Entries shown
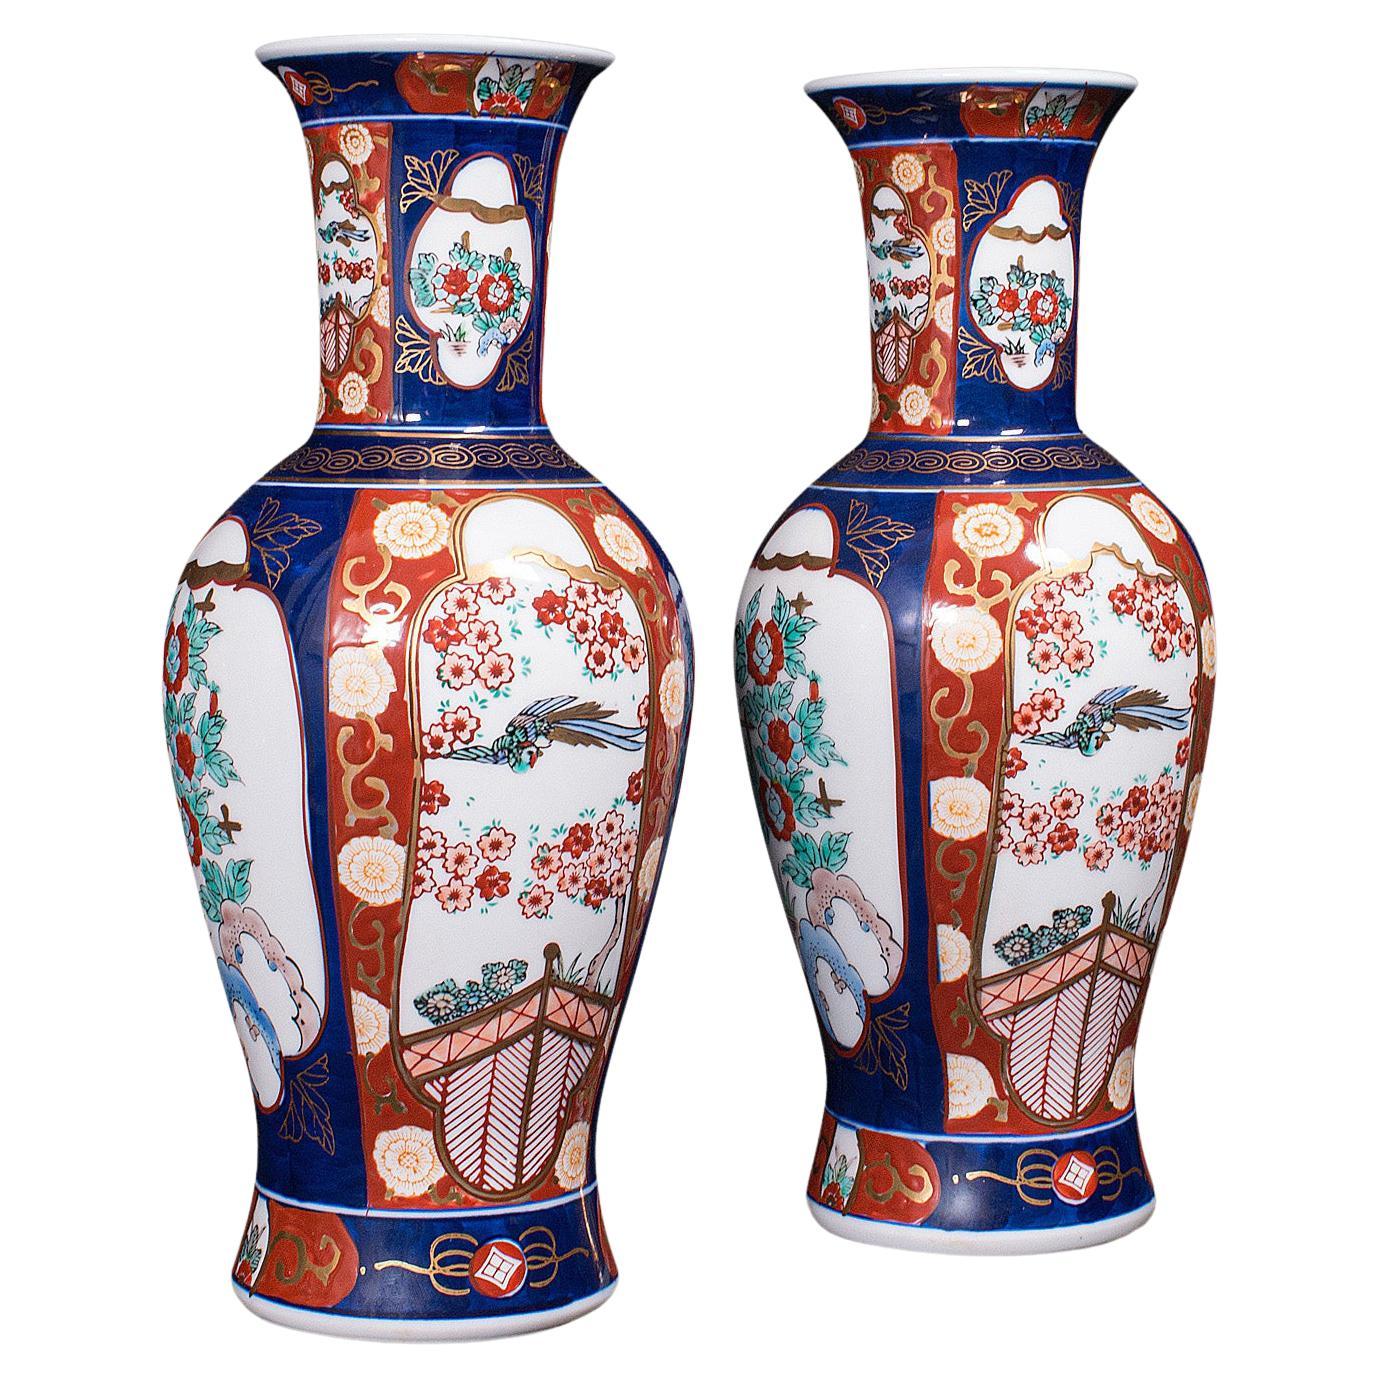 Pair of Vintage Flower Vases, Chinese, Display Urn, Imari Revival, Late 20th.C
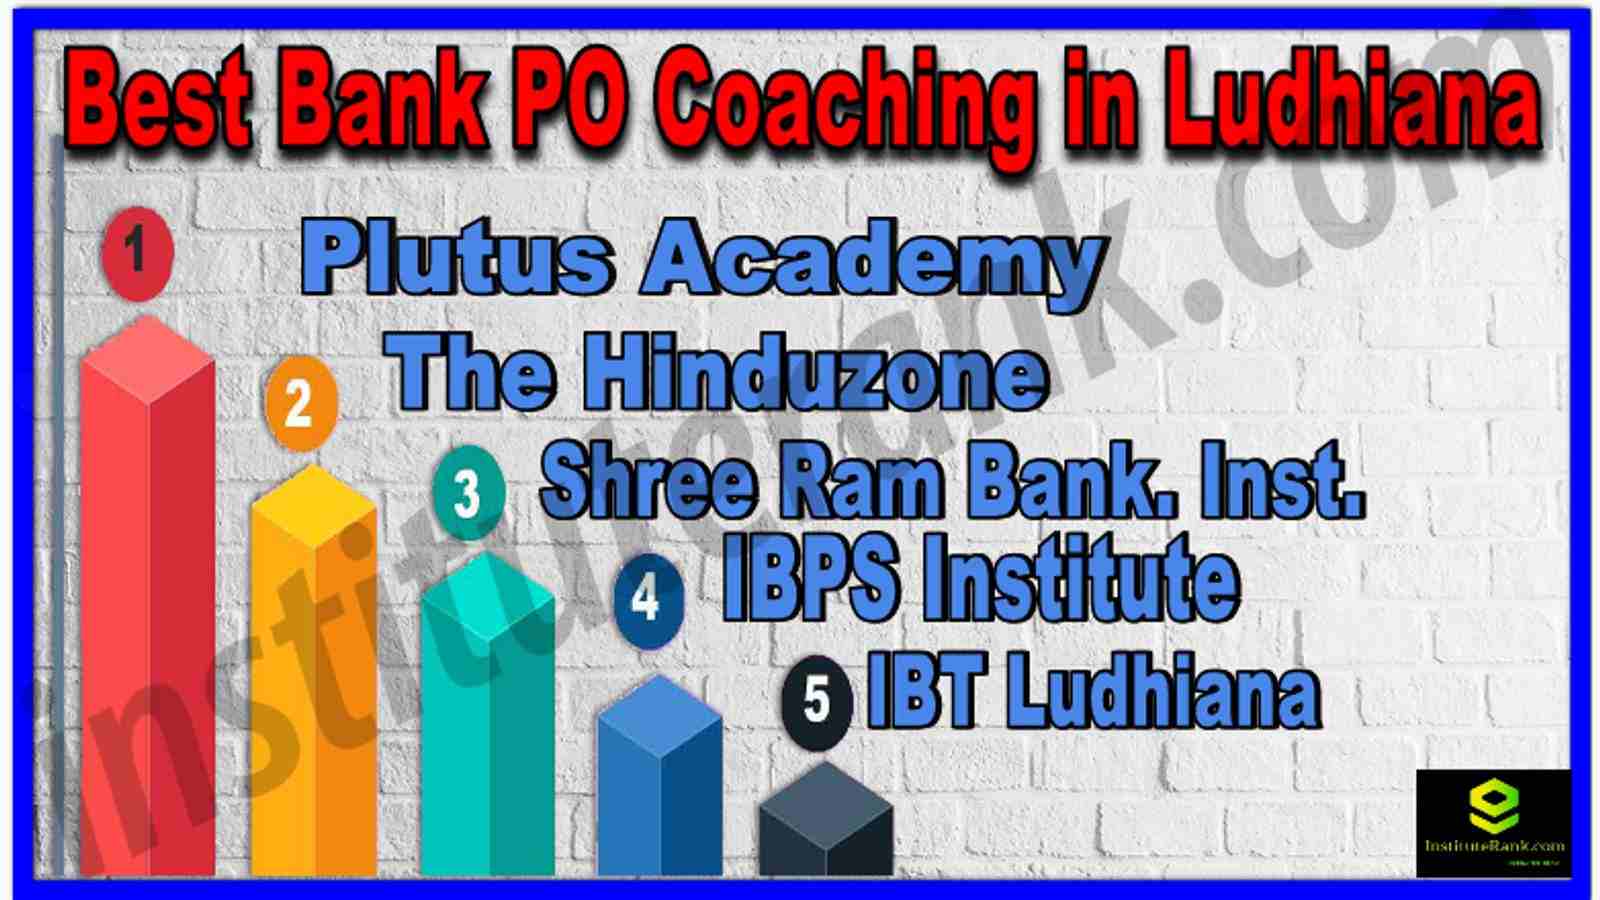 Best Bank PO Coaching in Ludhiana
--
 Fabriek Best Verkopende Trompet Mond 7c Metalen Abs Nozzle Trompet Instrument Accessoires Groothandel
...
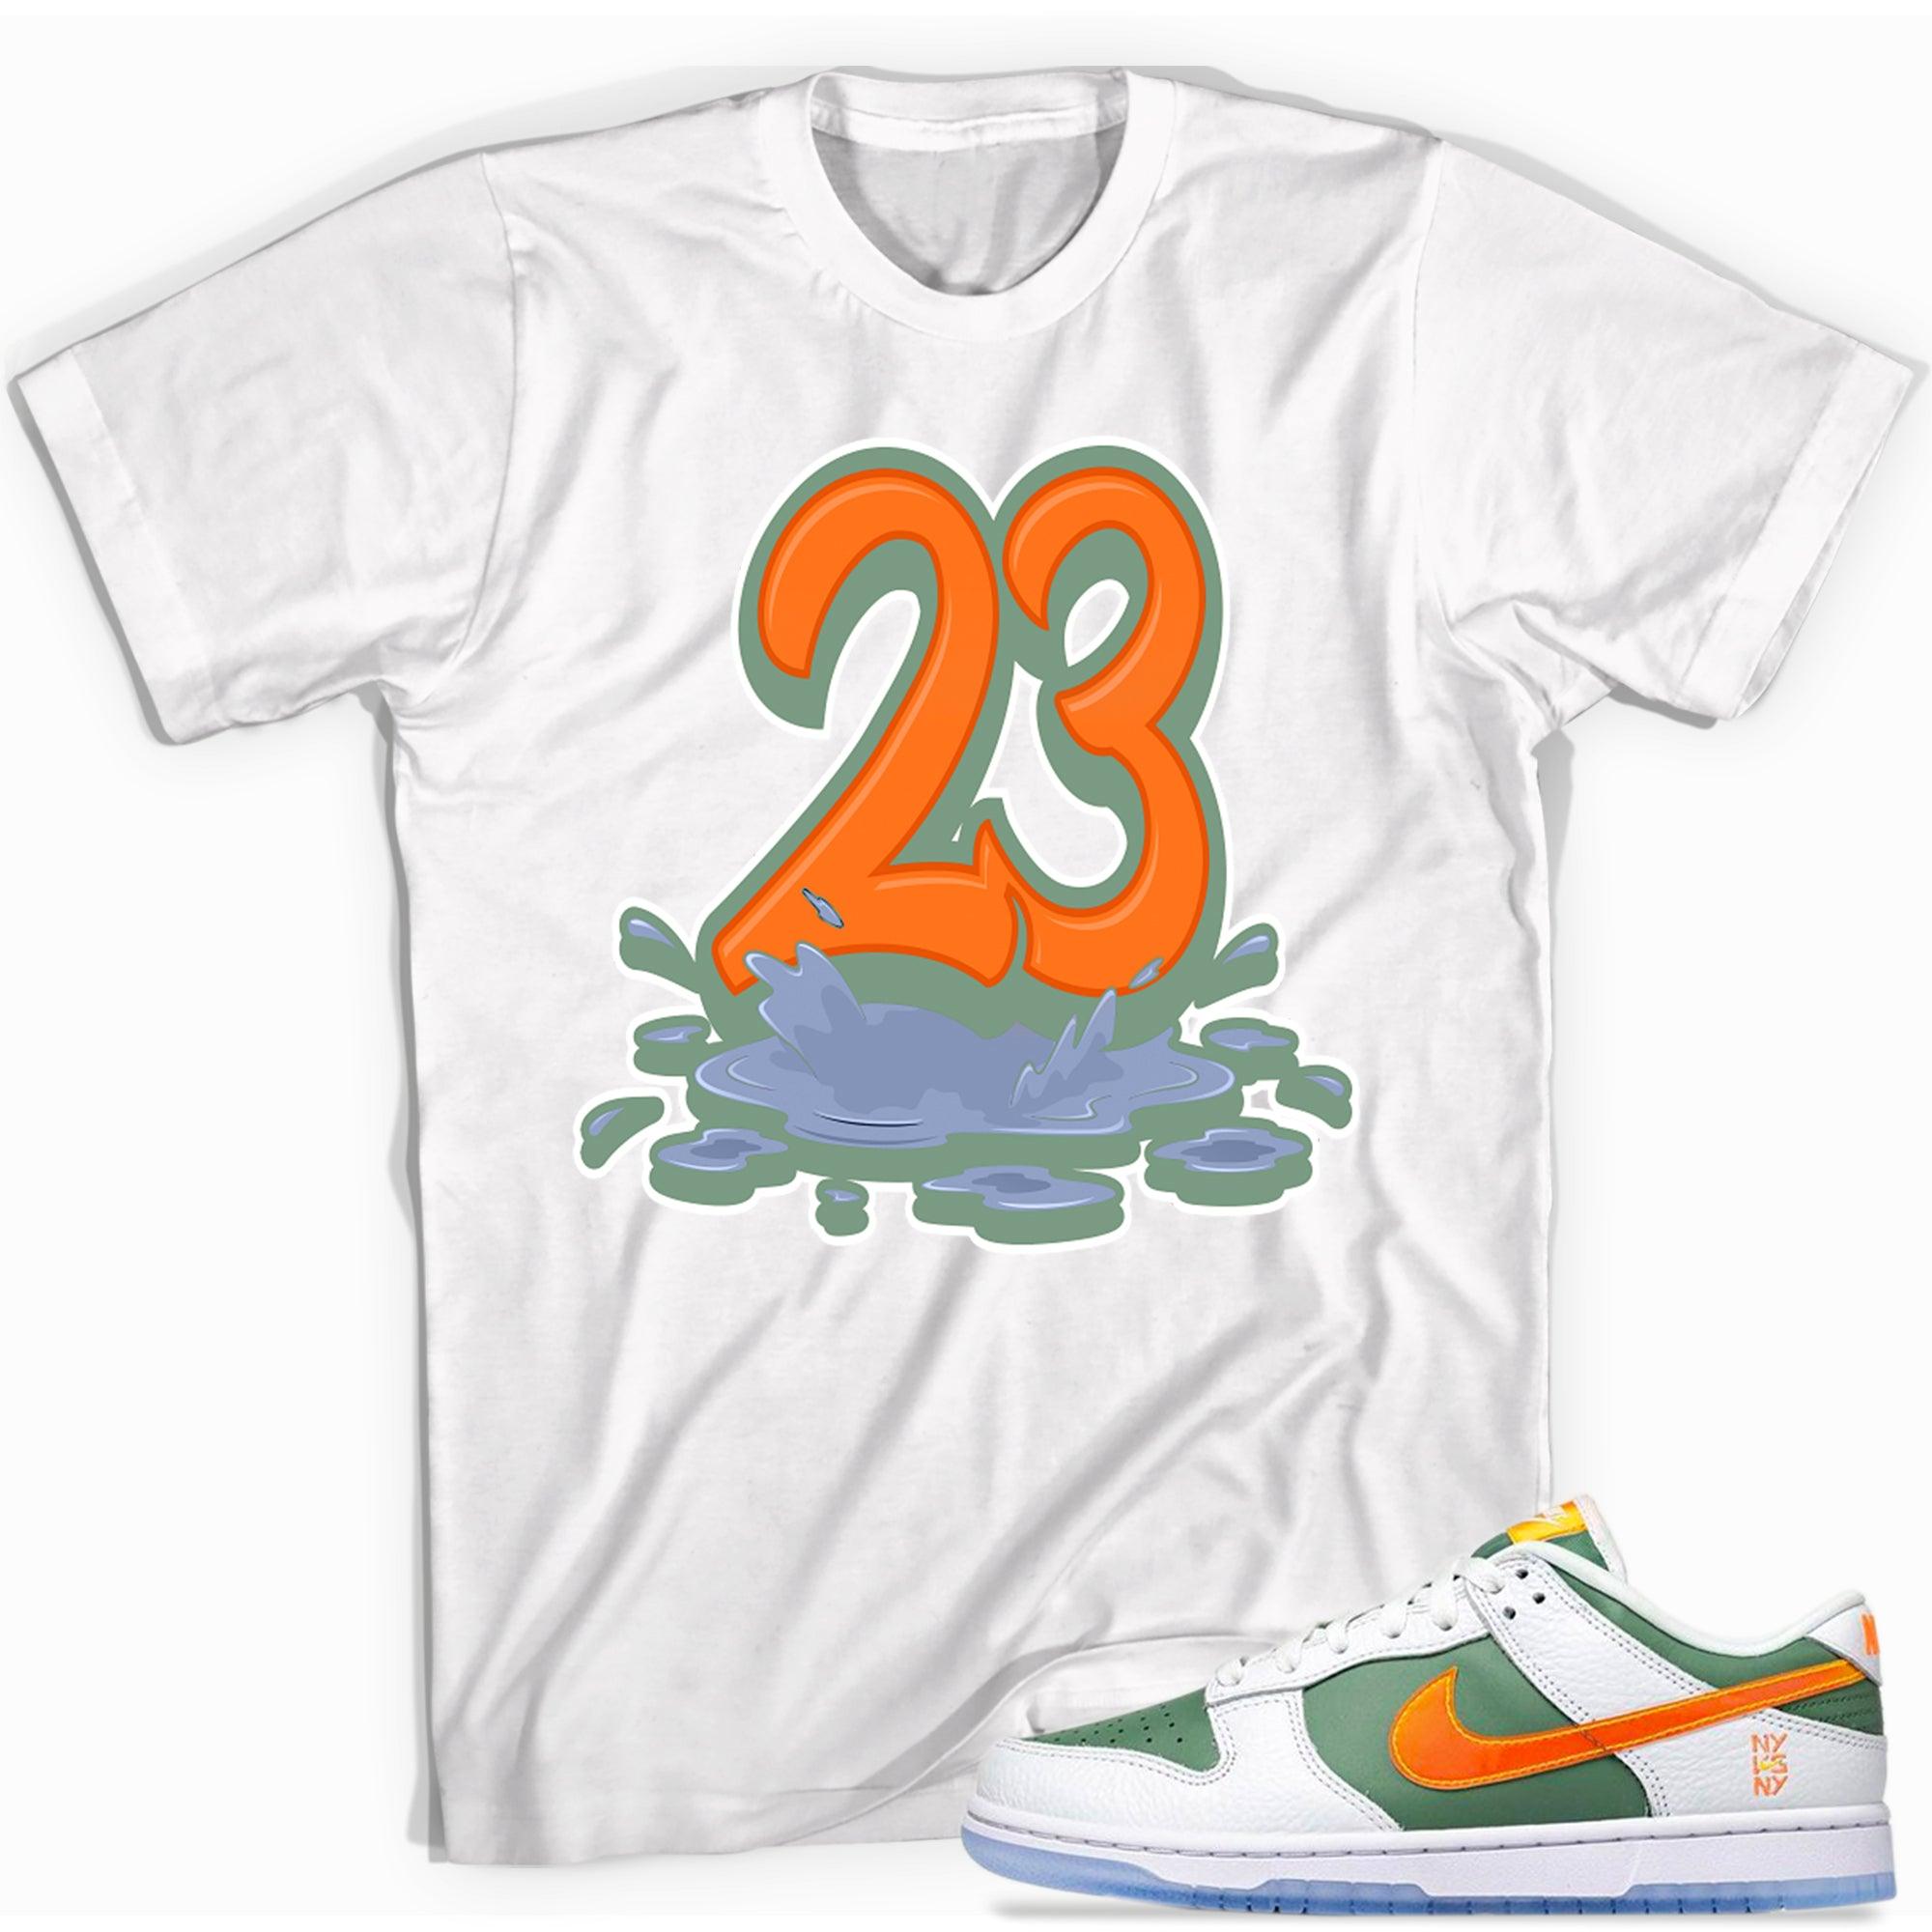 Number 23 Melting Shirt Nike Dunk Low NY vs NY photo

Task to carry out
Reproduce exactly, with no pictures, the lines above from the one holding "Pair of Vintage" to the one holding "Best Bank PO Coaching in Ludhiana", inclusive.

Task solution
 Pair of Vintage Flower Vases, Chinese, Display Urn, Imari Revival, Late 20th.C
 Best Bank PO Coaching in Ludhiana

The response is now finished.